Ade, George

Ade, George,

1866–1944, American humorist and dramatist, b. Kentland, Ind., grad. Purdue Univ., 1887. His newspaper sketches and books attracted attention for their racy and slangy idiom and for the humor and shrewdness with which they delineated people of the Midwestern scene. He is best known for Fables in Slang (1899); other volumes include People You Knew (1903) and Hand-made Fables (1920).

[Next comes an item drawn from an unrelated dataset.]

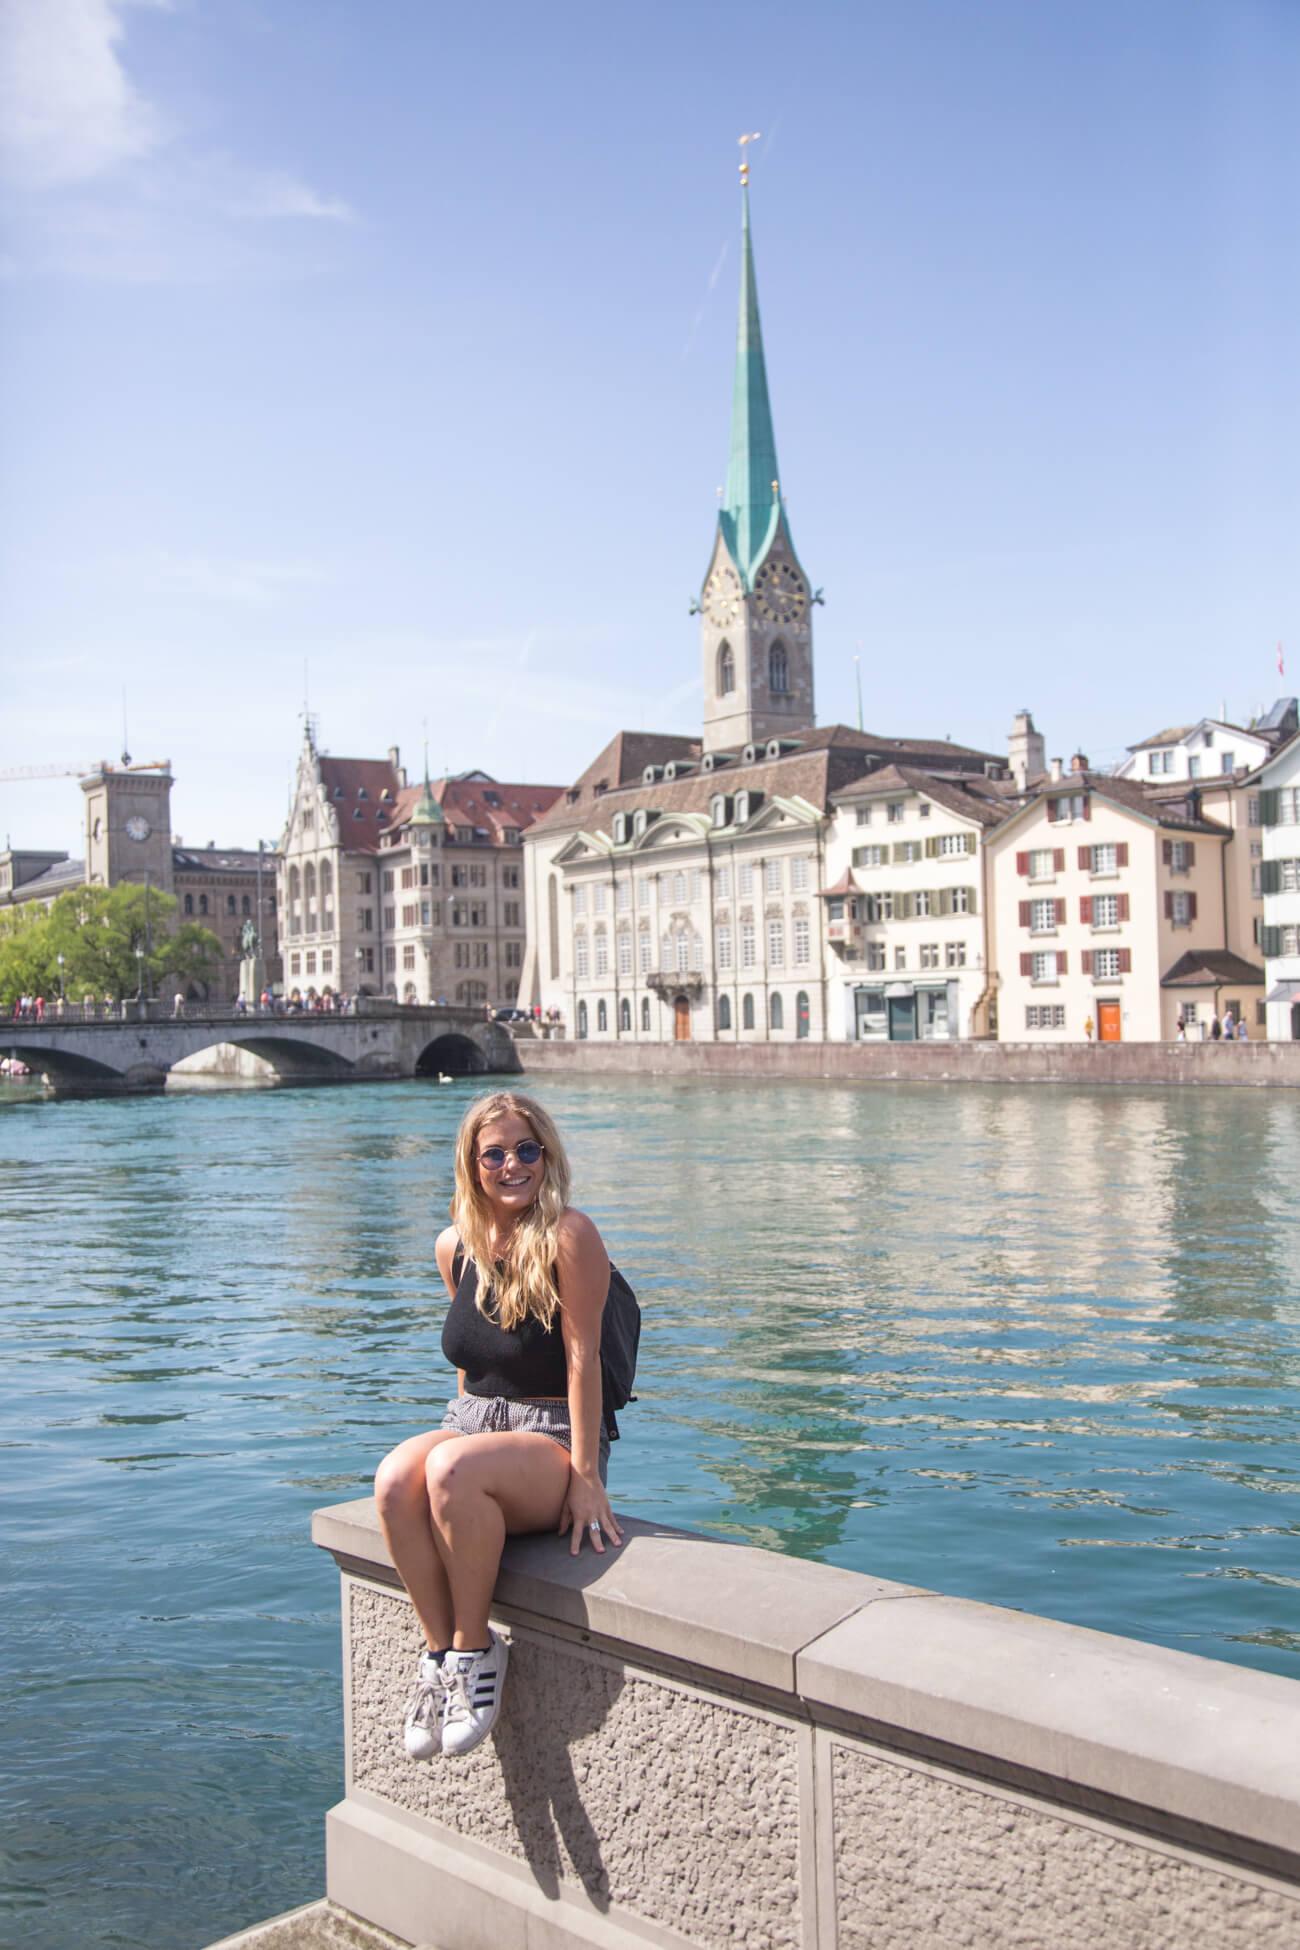 How to spend a dreamy 3 days in Zurich, Switzerland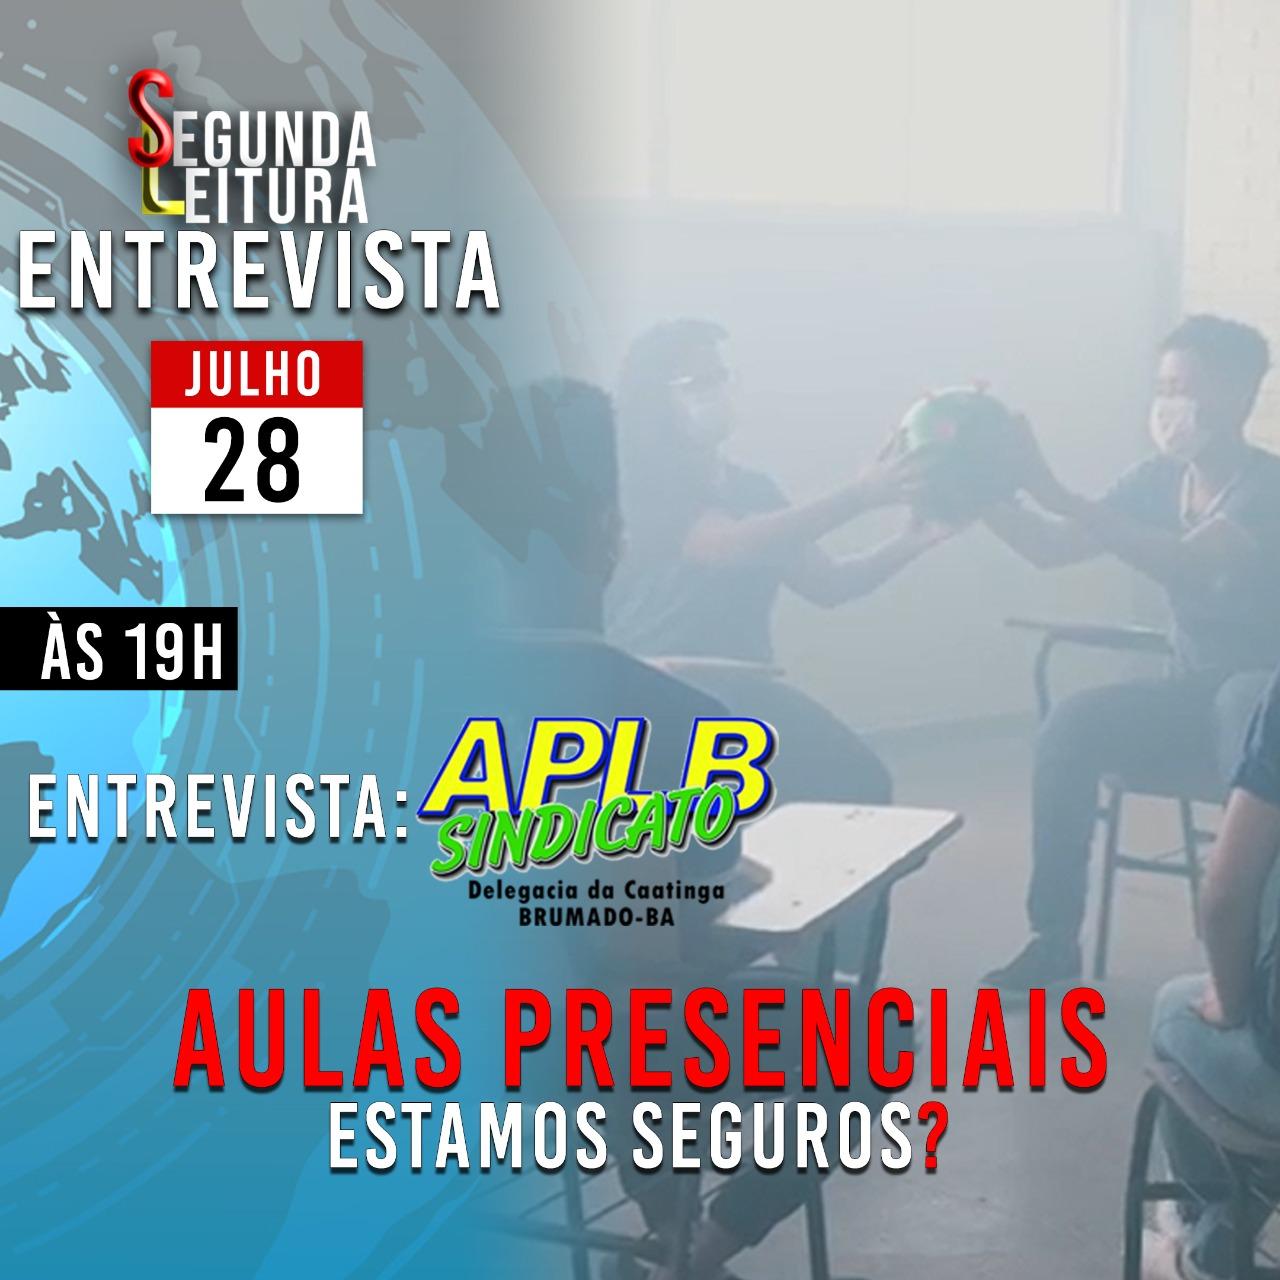 Entrevista: APLB sindicato

Ade also wrote several musical comedies and farcical plays, among them The County Chairman (1903) and The College Widow (1904).

Bibliography

See The America of George Ade (selected writings ed. by J. Shepherd, 1961); Letters of George Ade (ed. by T. Tobin, 1973); study by L. Coyle (1964).

Ade, George

(1866–1944) journalist, writer, playwright; born in Kentland, Ind. He was a Chicago newspaperman (1890–1900) whose collected columns, Fables in Slang (1899), became a classic of midwestern vernacular satire. He continued to publish more collections of his "fables," and between 1900–10 he wrote a dozen popular Broadway plays and musicals. Collections of his trademark fables, such as People You Know (1903) and Hand-Made Fables (1920), are the most durable of his voluminous writings. He lived in Indiana after 1904 but traveled widely.